You are changing the logic in DMA mode, interrupt-based FIFO and PIO all
in one go, in a commit whose title and primary purpose is unrelated to
that. Just a mention of the type "while at it, also do that". And in
that process, that bundled refactoring introduces a subtle, but severe bug.

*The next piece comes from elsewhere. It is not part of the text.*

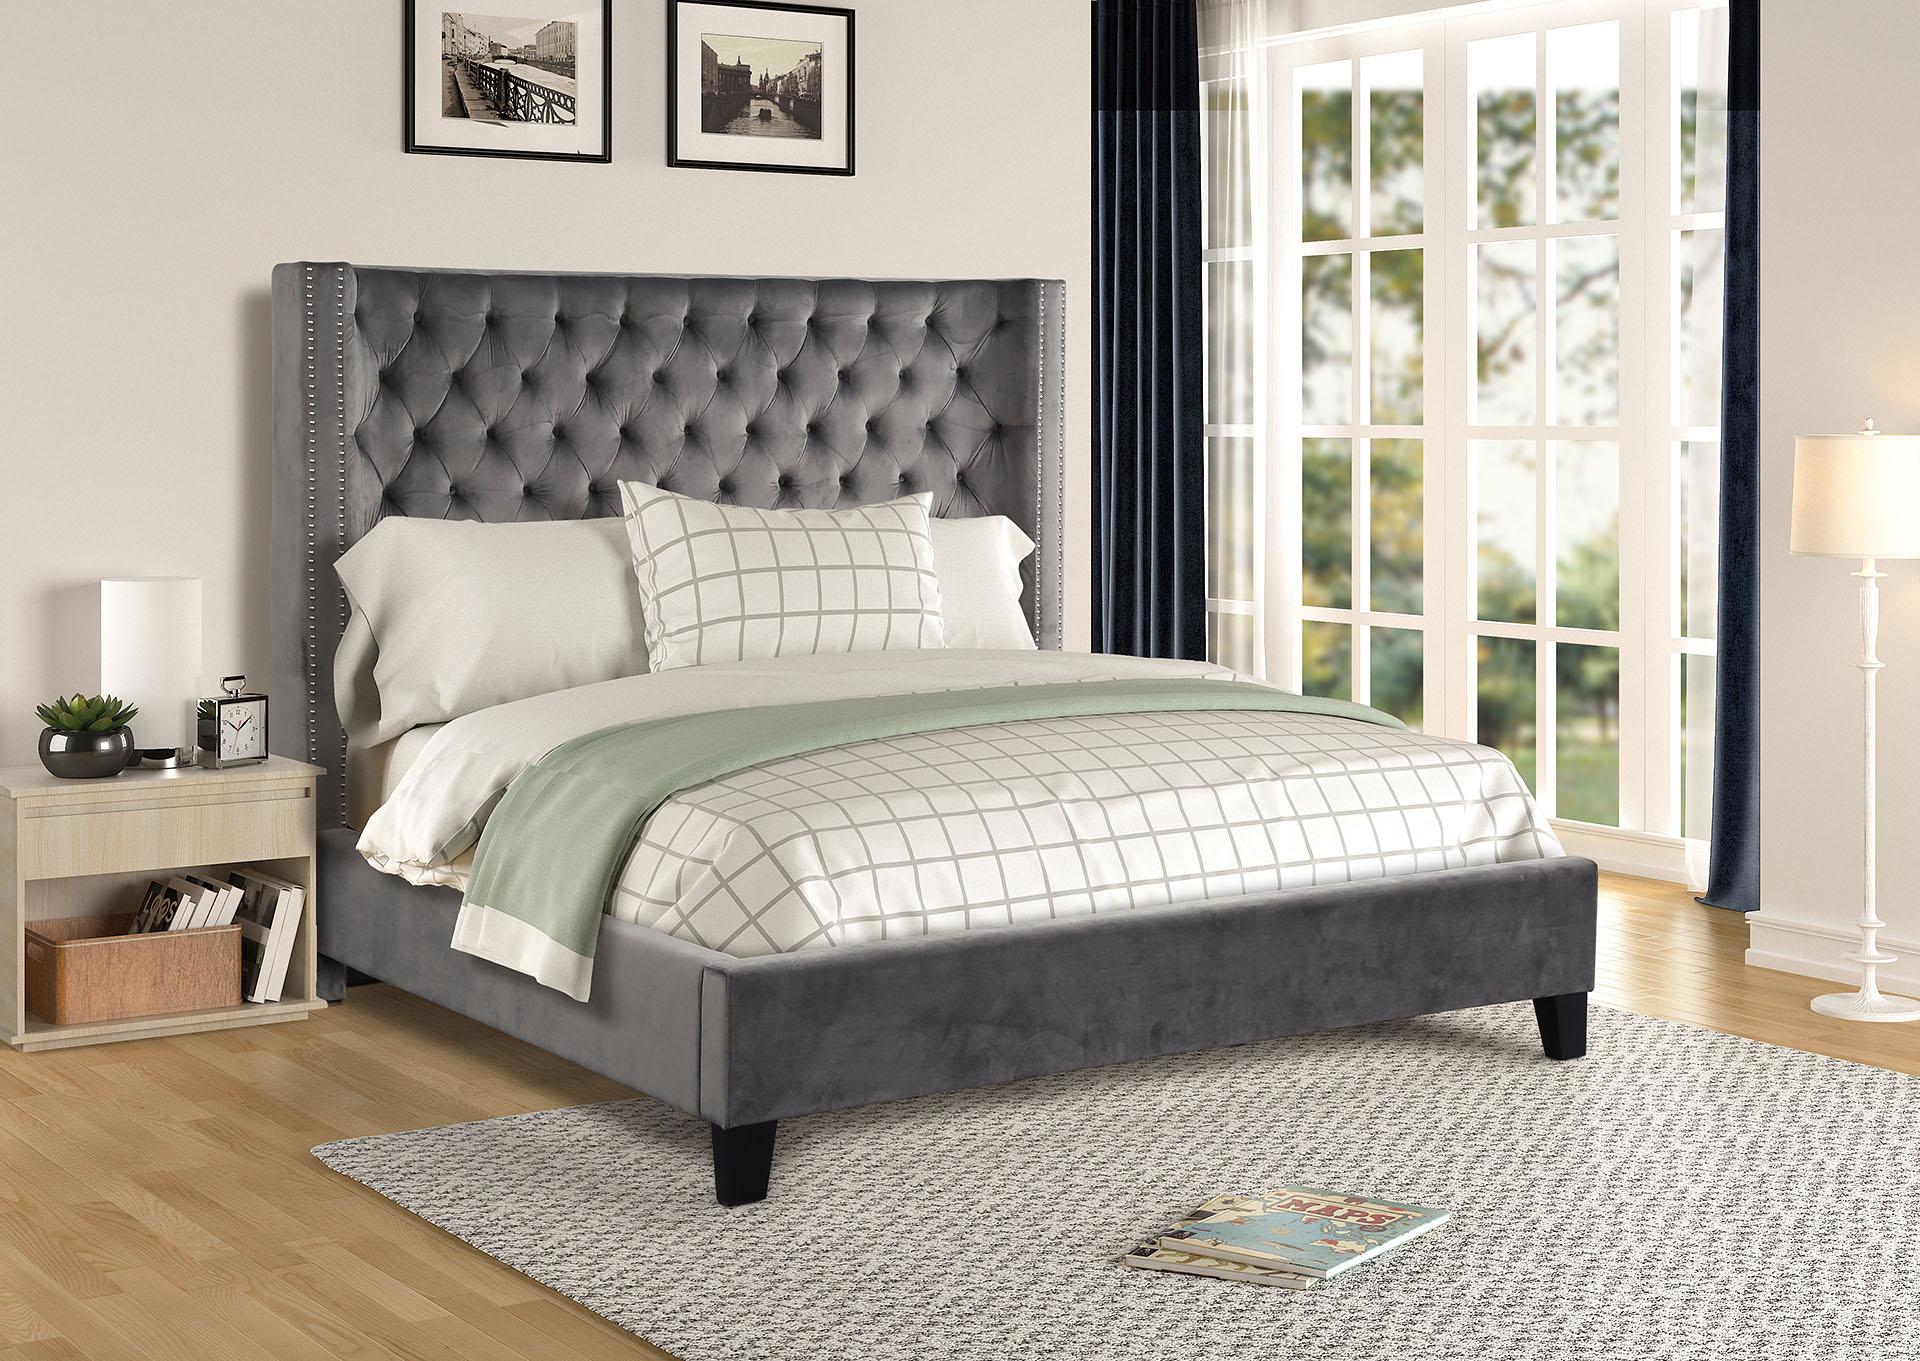 Contemporary, Modern Panel Bed ALLEN GHF-808857707505 in Gray Fabric

No, that is discouraged. Make one patch per logical change, where only
one thing is happening and which is obviously correct. It helps you and
it helps the reviewer.
Please find attached a set of 3 patches that represent a broken down and
corrected variant of this one. First 2 should be squashed together in
your next submission, they are just to illustrate the bug that you've
introduced (which can be reproduced on any SoC in XSPI mode).
The panic message is slightly confusing and does not directly point to
the issue, I'm attaching it just for the sake of having a future reference.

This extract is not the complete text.